In the phrase "gay Christian," gay is a descriptive or limiting adjective, and its job is "to indicate the quality of a noun or pronoun." It indicates what kind of Christian you are. When a limiting adjective is used to define a people group, it is a mark of identity. When you modify the noun Christian with the adjective gay, you pair terms with incompatible anthropologies, and recommend a false philosophy of the soul. Adjectival modifiers create new nouns. The case in point here is the category of "gay Christian," someone who both loves Jesus but is also, in attraction or action, persistently experiencing homosexual desires. The question is this: do we really want to say that gay Christians are a different type of Christian? Doesn't that create the kind of ghettoizing subgroup mentality that works against and not for real unity in Christ's Body?

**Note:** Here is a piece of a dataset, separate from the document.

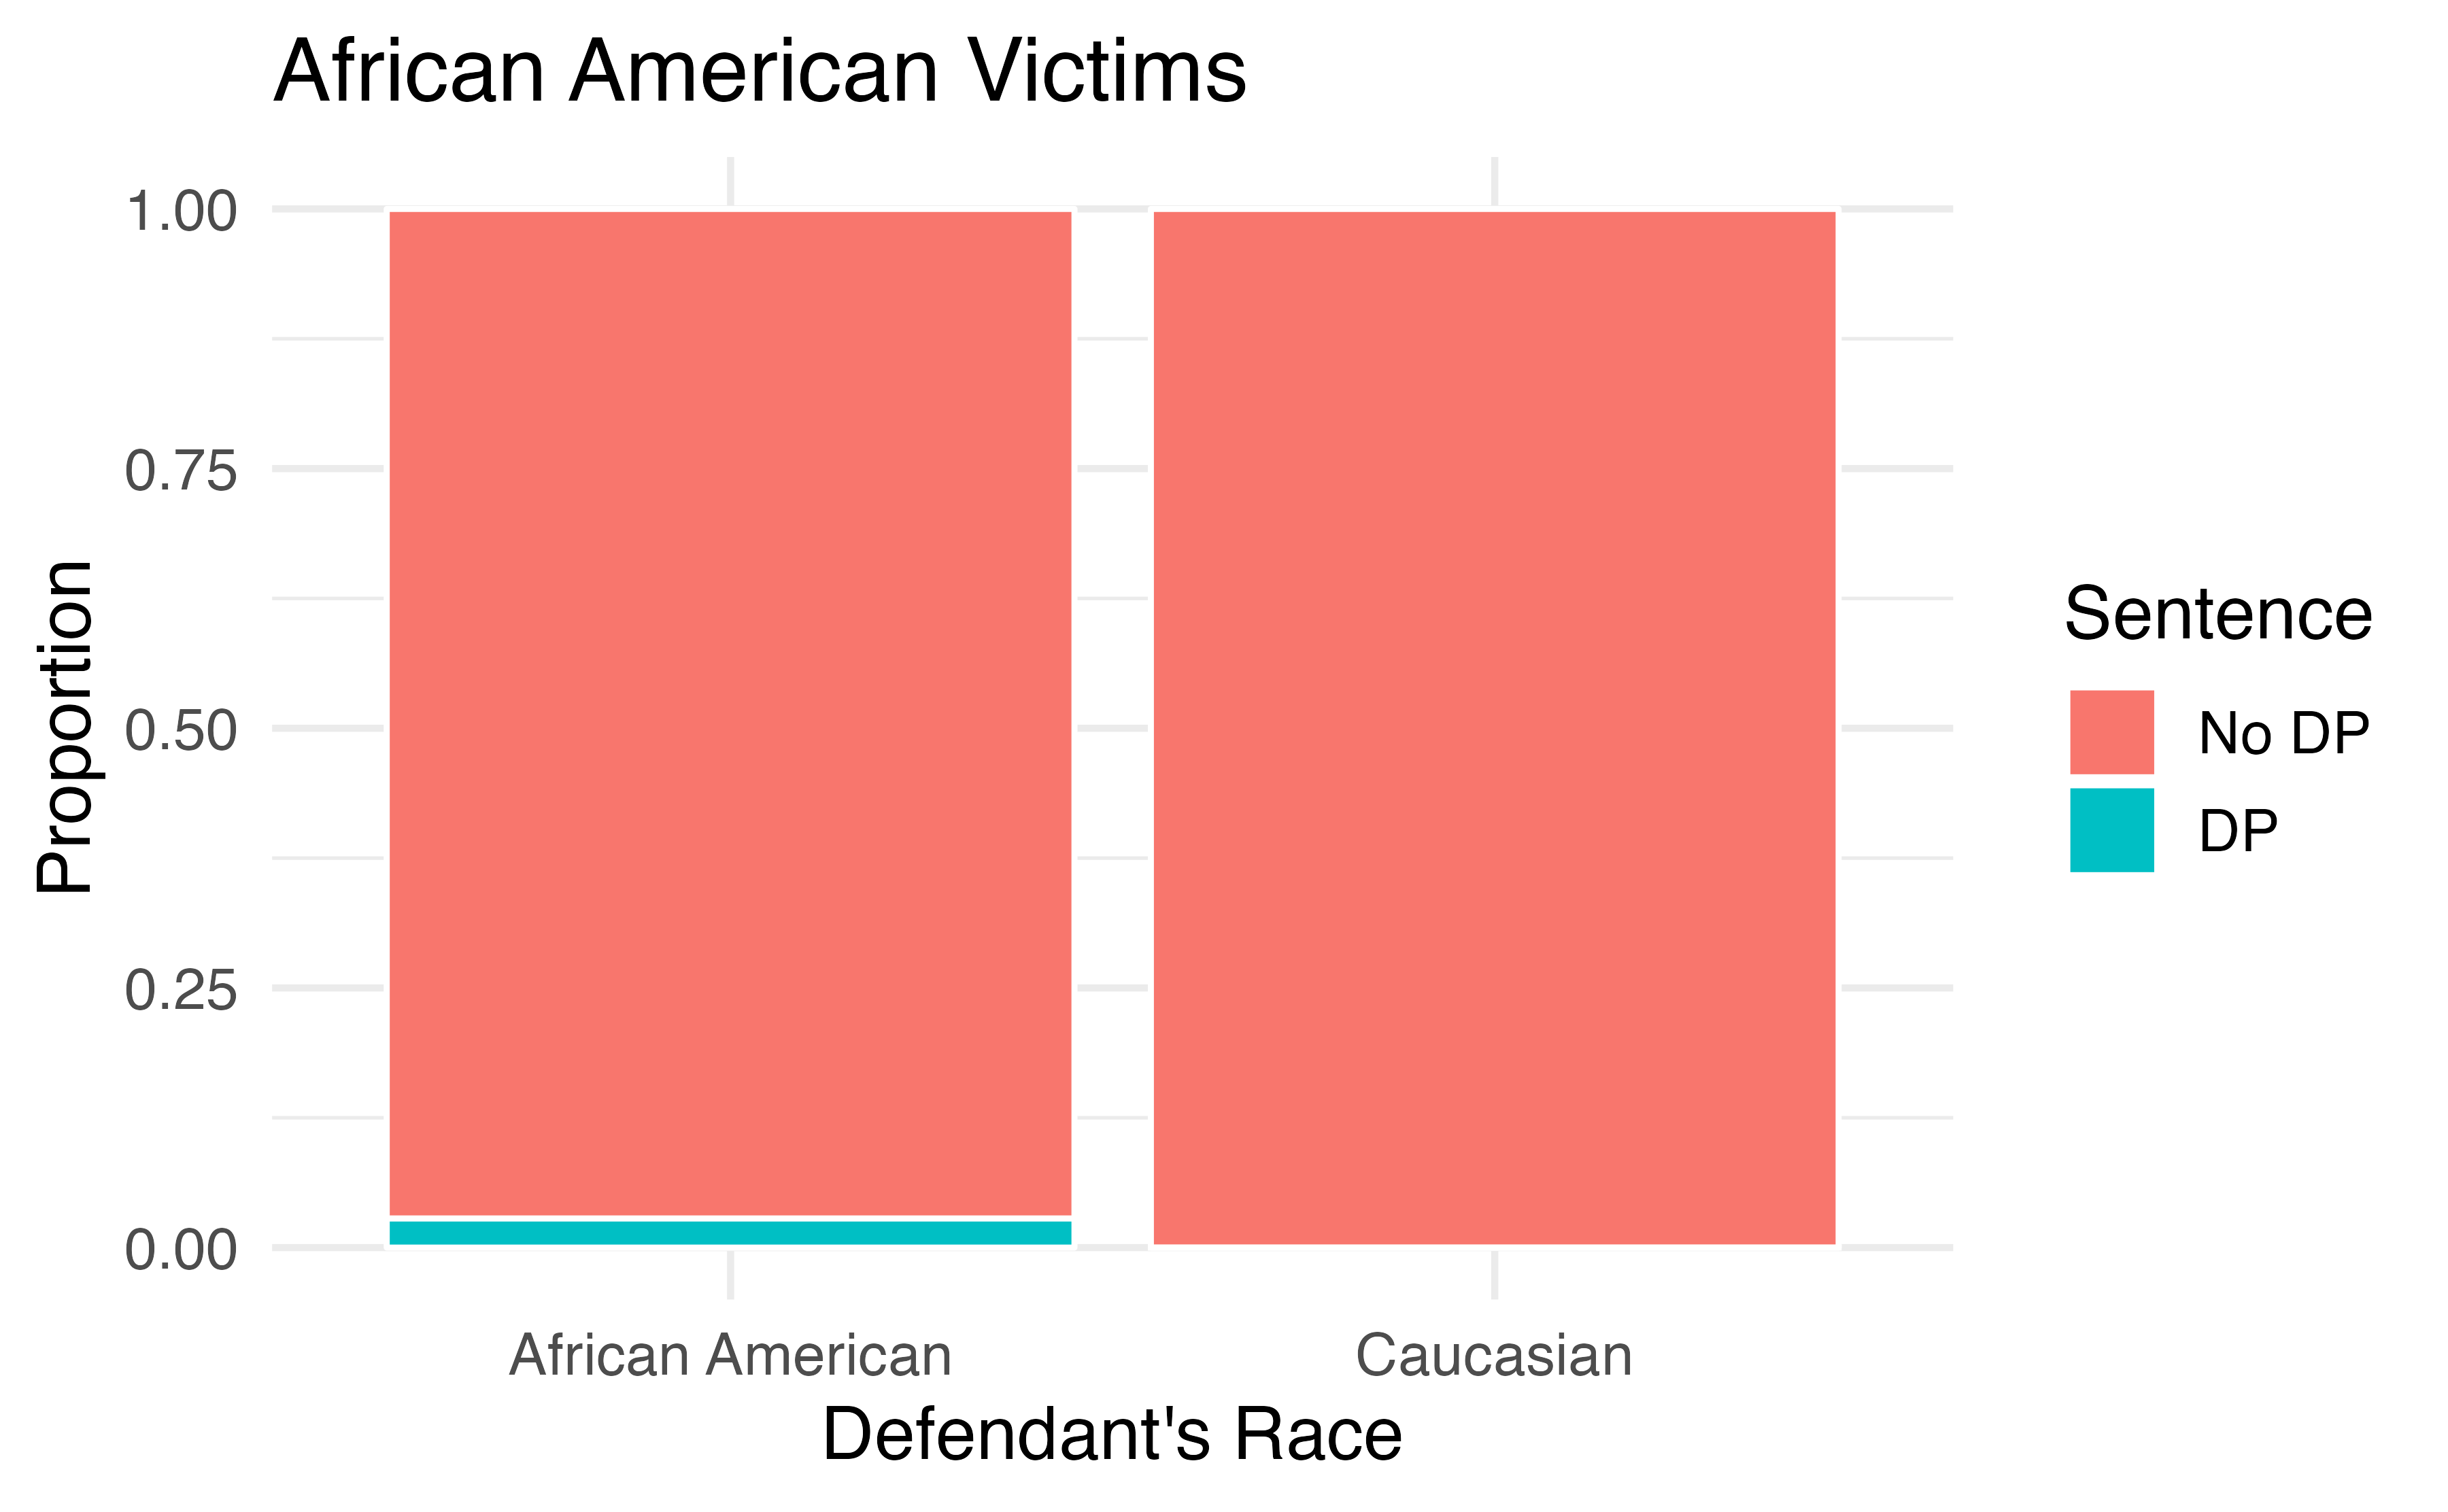 Segmented bar plots comparing the proportion of Caucasian and African American defendants who received the death penalty; separate plots for Caucasian victims and African American victims.
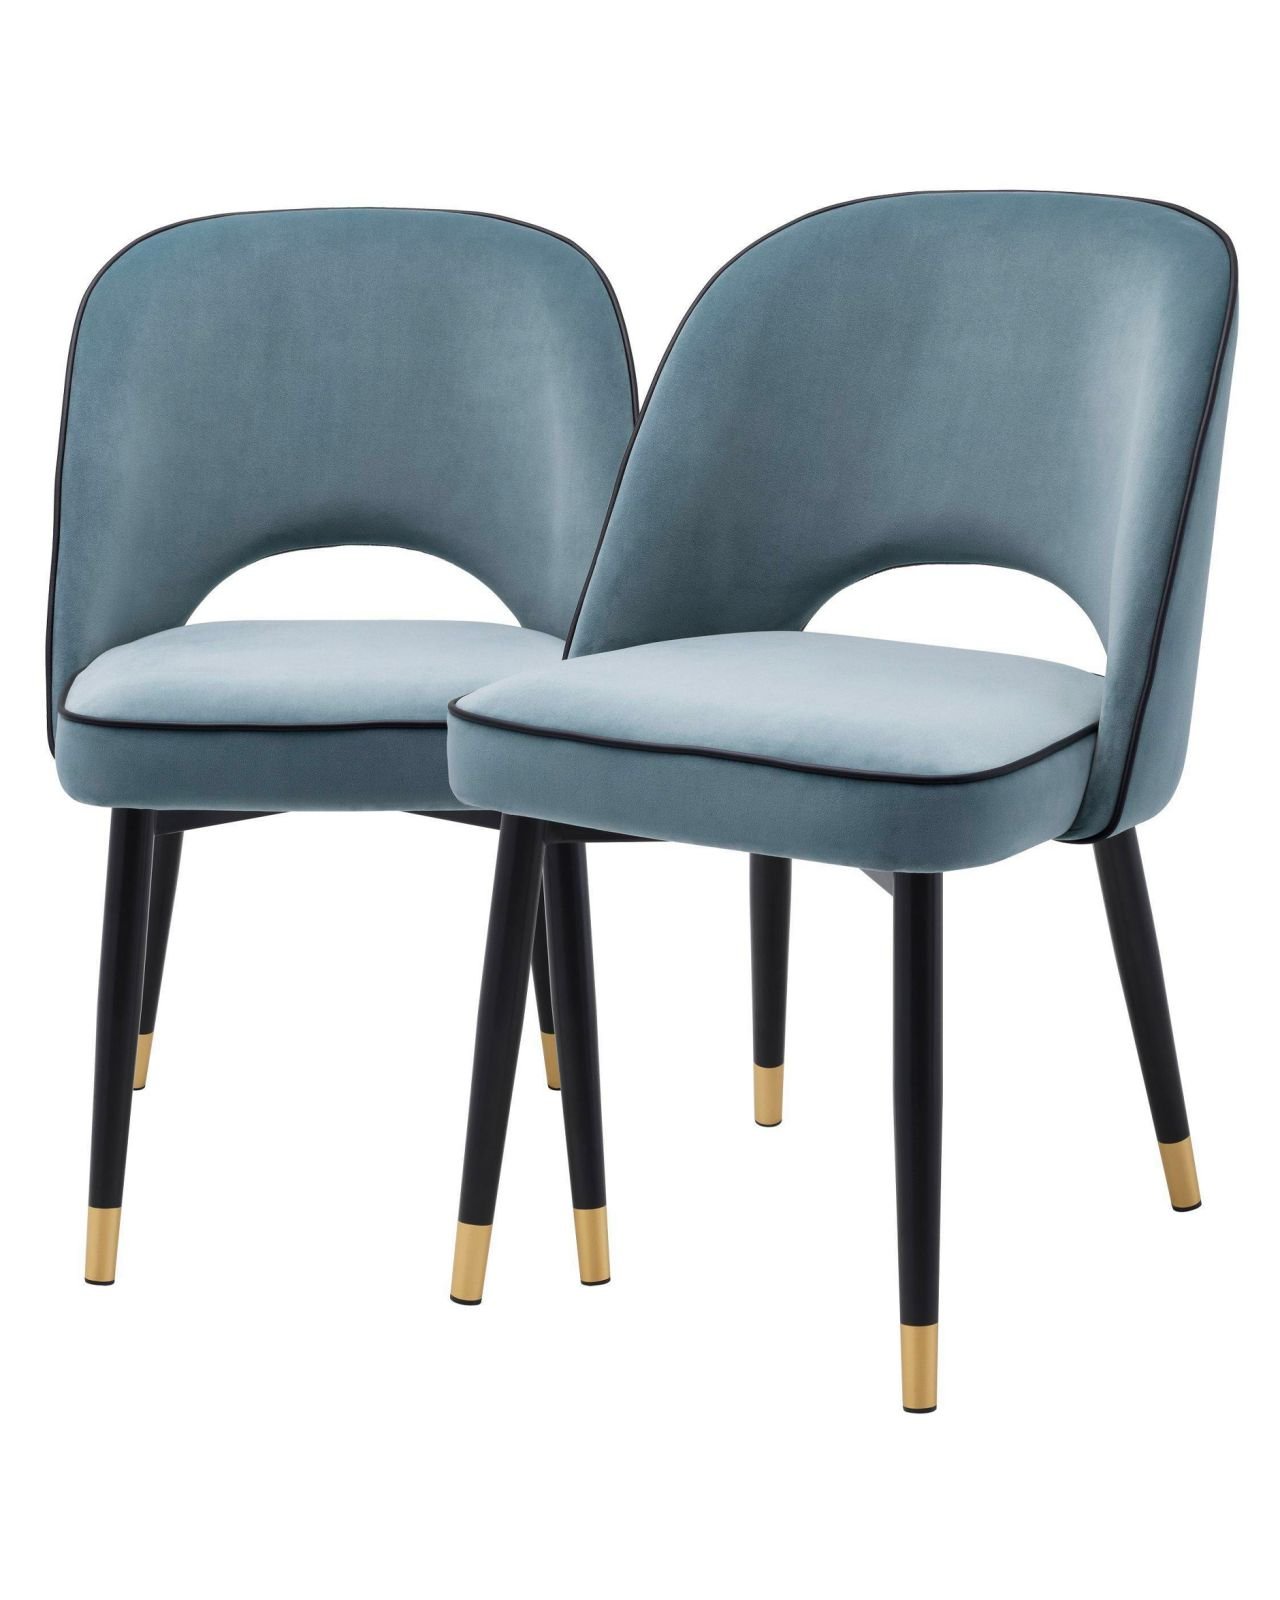 Cliff dining chairs blue

Her final question above is a good one and something those calling for the church to be more loving toward homosexually-tempted Christians need to consider. And then a little ahead,

So in the phrase "gay Christian," the noun Christian is changed by using a word whose sexual expression affirms behavior that stands apart from God's commands. In this way, it is different from a linguistic place keeper that identifies cultural affiliations (like Italian American, for example). "Gay Christian" differs from Italian American because God does not condemn national origin as sin, but he has much to say about sex apart from the covenant of marriage, personal identity apart from Christ's exclusive claim, and self-representation that hijacks the appearance of sinful behavior and calls it grace. The word gay is only extricable from the sexual practice of homosexuality if you believe that sexual orientation is a morally neutral road map of humanity, and if it is a true measure of a man. Sexual orientation is no such animal.

It is not that adjectives can never modify the noun Christian, but they should do so in ways that neither create gratuitous factions nor violate God's call that redeemed people identify themselves according to their new nature in Christ. New nature does not necessarily mean new feelings (although it may). "New creature" is a term that beckons God's people to grow in Christlikeness, to grow in sanctification, but we do harm to the call of Christ when we presume that opposite-sex desires should replace same-sex desires as the exclusive proof of real sanctification. "New creature in Christ" means that we have a new mind that governs the old feelings and a new hope that we are part of Christ's body.

And this,

Words matter. Self-representation matters. And identity in Christ bleeds union in Christ and communion of the saints. This blood is truly life-giving. And the term "gay Christian" has great potential to mislead people, even as those who use it are seeking clarity, honesty, and transparency.

And also, 

...making an identity out of sin patterns is itself a sin, as it deadens the conscience by defending the flesh instead of disciplining the conscience for godliness.

Amen. And one more,

As all Christians attempt to discern matters of sin and grace and work together to give God glory in all of the details of our lives, I fear that our current language (i.e., sexual orientation, mixed-orientation marriage, gay Christian) is creating its own Tower of Babel in our churches. God created men and women so that we would enjoy him forever (eternally) and so that we would give him glory (on earth and in heaven). But when we even unwittingly create subcategories of Christians based in patterns of sexual sin, we are in effect taking aim at the very God who will safely hedge us in as we feel lost in the depth of the sea, as Psalm 139 outlines.

The church in Corinth had some in her who loved homosexual sin (1 Cor. 6:9-11), yet when they repented of their sin and were united to Christ by faith they received a new and permanent identity: "Therefore if anyone is in Christ, he is a new creature; the old things passed away; behold, new things have come" (2 Cor. 5:17). We should abandon all of those adjectives before "Christian." Their use is causing many to stumble.